SXSW 2024 Dia 5: Histórias com rosto, histórias sem rosto
A South by Southwest (SXSW) é um evento de dimensão mundial.
Uma mistura de conferência com festival, onde temas como inovação, cultura, marketing, design, produções audiovisuais e música se fundem em centenas de sessões e eventos a que assistem 300 mil pessoas de 100 países. Com esta escala, decidi ir à procura de Portugal em Austin. O Brasil está aqui em peso. É a maior delegação internacional da conferência, com mais de 1.600 participantes e 22 sessões. Quando salto de hotel para hotel para assistir às sessões – a minha média diária de passos na minha app de fitness é muito superior a 24 mil -, a língua que mais oiço na rua é o português ou, neste caso, PT BR. O inglês também domina, e pontualmente oiço alguém a falar alemão, holandês, francês. Português de Portugal, nem ouvi-lo. Mais difícil ainda encontrar oradores e projetos da minha terra.

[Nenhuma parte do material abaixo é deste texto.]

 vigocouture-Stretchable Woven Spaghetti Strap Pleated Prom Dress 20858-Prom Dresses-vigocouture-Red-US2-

Até ontem a grande exceção tinha sido a presença da nossa Daniela Melchior na passadeira vermelha do Paramount Theatre, para o lançamento do filme “Road House” (Profissão: Duro), onde partilha o ecrã com Jake Gyllenhaal e com o lutador irlandês Conor McGregor. Daniela é hoje uma atriz internacional incontornável e o seu último filme, o décimo “Velocidade Furiosa”, arrecadou 512 milhões de dólares em todo o mundo no ano passado. Desta vez a atriz portuguesa traz-nos a adrenalina do clássico de culto dos anos 80. “Road House” vai ser lançado em mais de 240 países no próximo dia 21 de março. Por aqui, a première obrigou ao fecho de várias ruas.
Foi completamente por acaso que conheci outro projeto luso que faz parte da exposição de arte imersiva que aterra em Austin vinda dos quatro cantos do planeta. Um projeto que me fez recuar até 2006. Na realidade, fez-me recuar aos confins mais retrógrados da existência humana.

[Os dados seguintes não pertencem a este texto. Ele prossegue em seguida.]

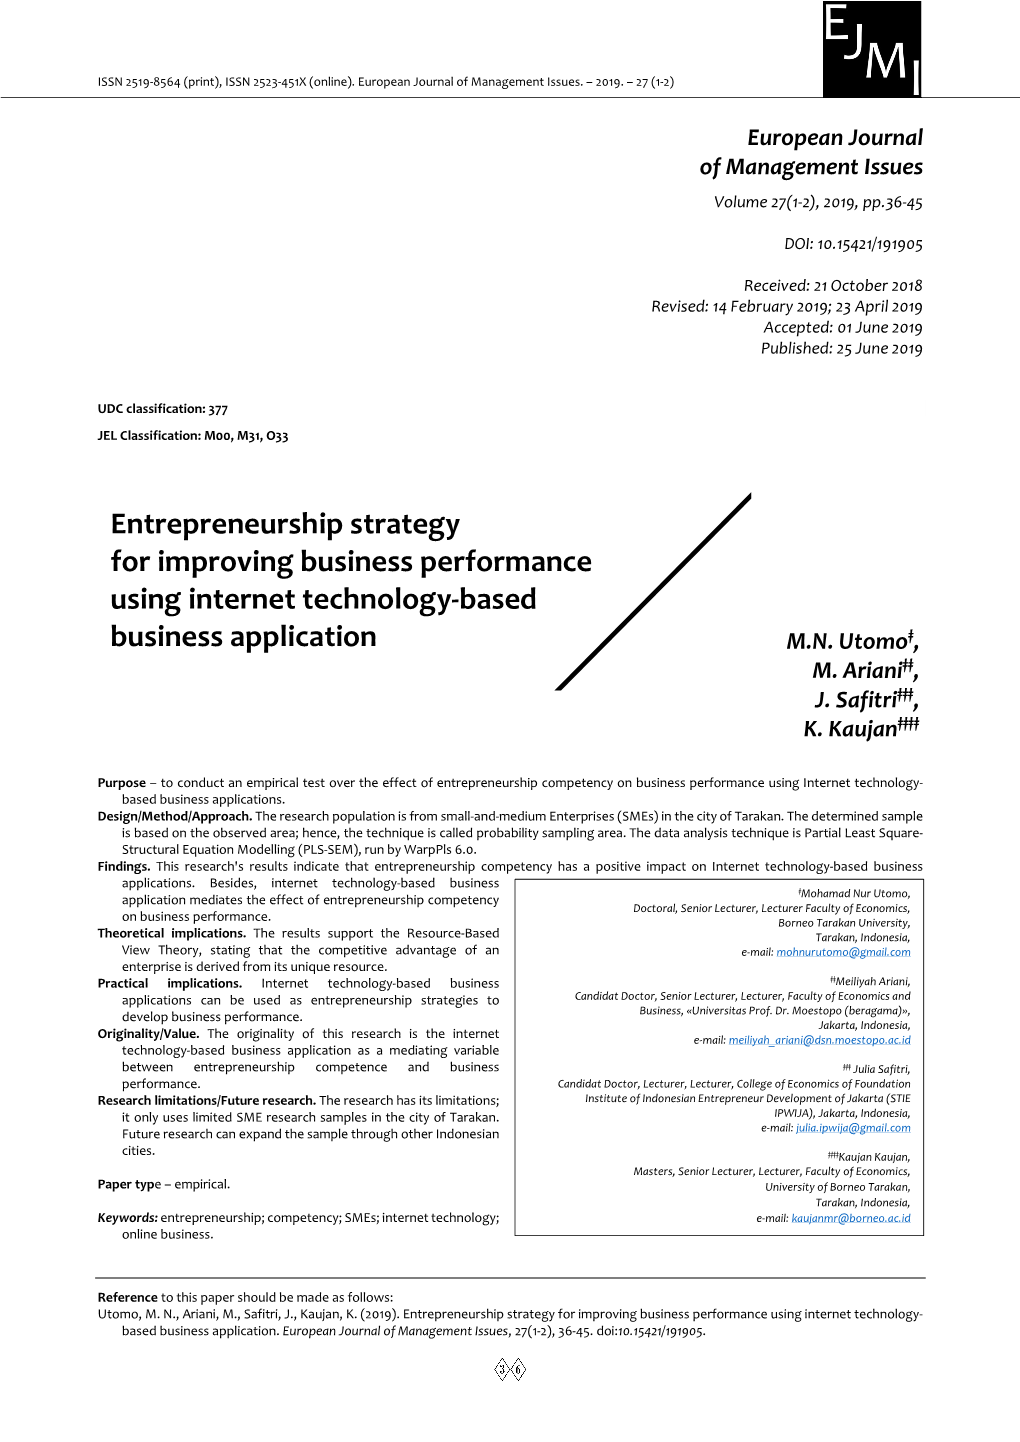 Entrepreneurship Strategy for Improving Business Performance Using Internet Technology-Based

Recebi uma mensagem no LinkedIn do André, que não conheço pessoalmente, mas que sabia que eu aqui estava por ter lido uma das minhas crónicas da SXSW: “Se quiser visitar e ver no SXSW um projeto português de realidade virtual, o Sérgio Galvão Roxo terá todo o gosto em recebê-lo.” Poucos minutos depois, estava a trocar mensagens com o Sérgio.
Gisberta. Para quem não se lembrar – espero que esta história continue a remoer na cabeça de todos – Gisberta era uma mulher transgénero que foi brutal e lentamente torturada e assassinada no Porto, em 2006 por um grupo de 14 adolescentes. Encontrei-me com o Sérgio num dos enormes salões de um dos hotéis, onde 36 projetos de realidade virtual, alguns com orçamentos avultados, partilham o mesmo espaço. Fui recebido pelo Sérgio, produtor e realizador, e pelo Pedro Velho, assistente de realização e ilustrador do projeto. E a conversa fluiu enquanto enfiava uns óculos que me deixaram inconfortavelmente às escuras.
“Seu Nome Era Gisberta: Uma história sem rosto” é uma experiência imersiva que foi criada como uma ferramenta educativa, como forma de lidar com “o outro” de uma forma mais informada. Não se fala da violência brutal a que a mulher foi submetida. Não há caras. É uma sucessão de imagens, ilustrações e uma terrível história narrada por outra mulher transgénero, a atriz Alexia Vitória. É de direitos humanos que estamos a falar e Sérgio quer passar uma mensagem de humanidade.
O projeto foi construído num editor de vídeo, onde foi composta a animação e as ilustrações foram feitas através de programas “usuais”, com recurso a texturas e pincéis desenhados à mão. Ao todo, custou 80 euros. Oitenta. Nunca diria. Sérgio quer agora chegar a uma audiência ainda maior e mais relevante: escolas. Quando regressar, vai por este plano de divulgação em marcha, com todos os apoios que conseguir angariar.
Ficámos muito tempo à conversa. Senti que tinha levado um murro no estômago e que tinha de pensar mais no que tinha acabado de experienciar. Afinal, diz Sérgio, “há pessoas que não conseguiram chegar ao fim da experiência”.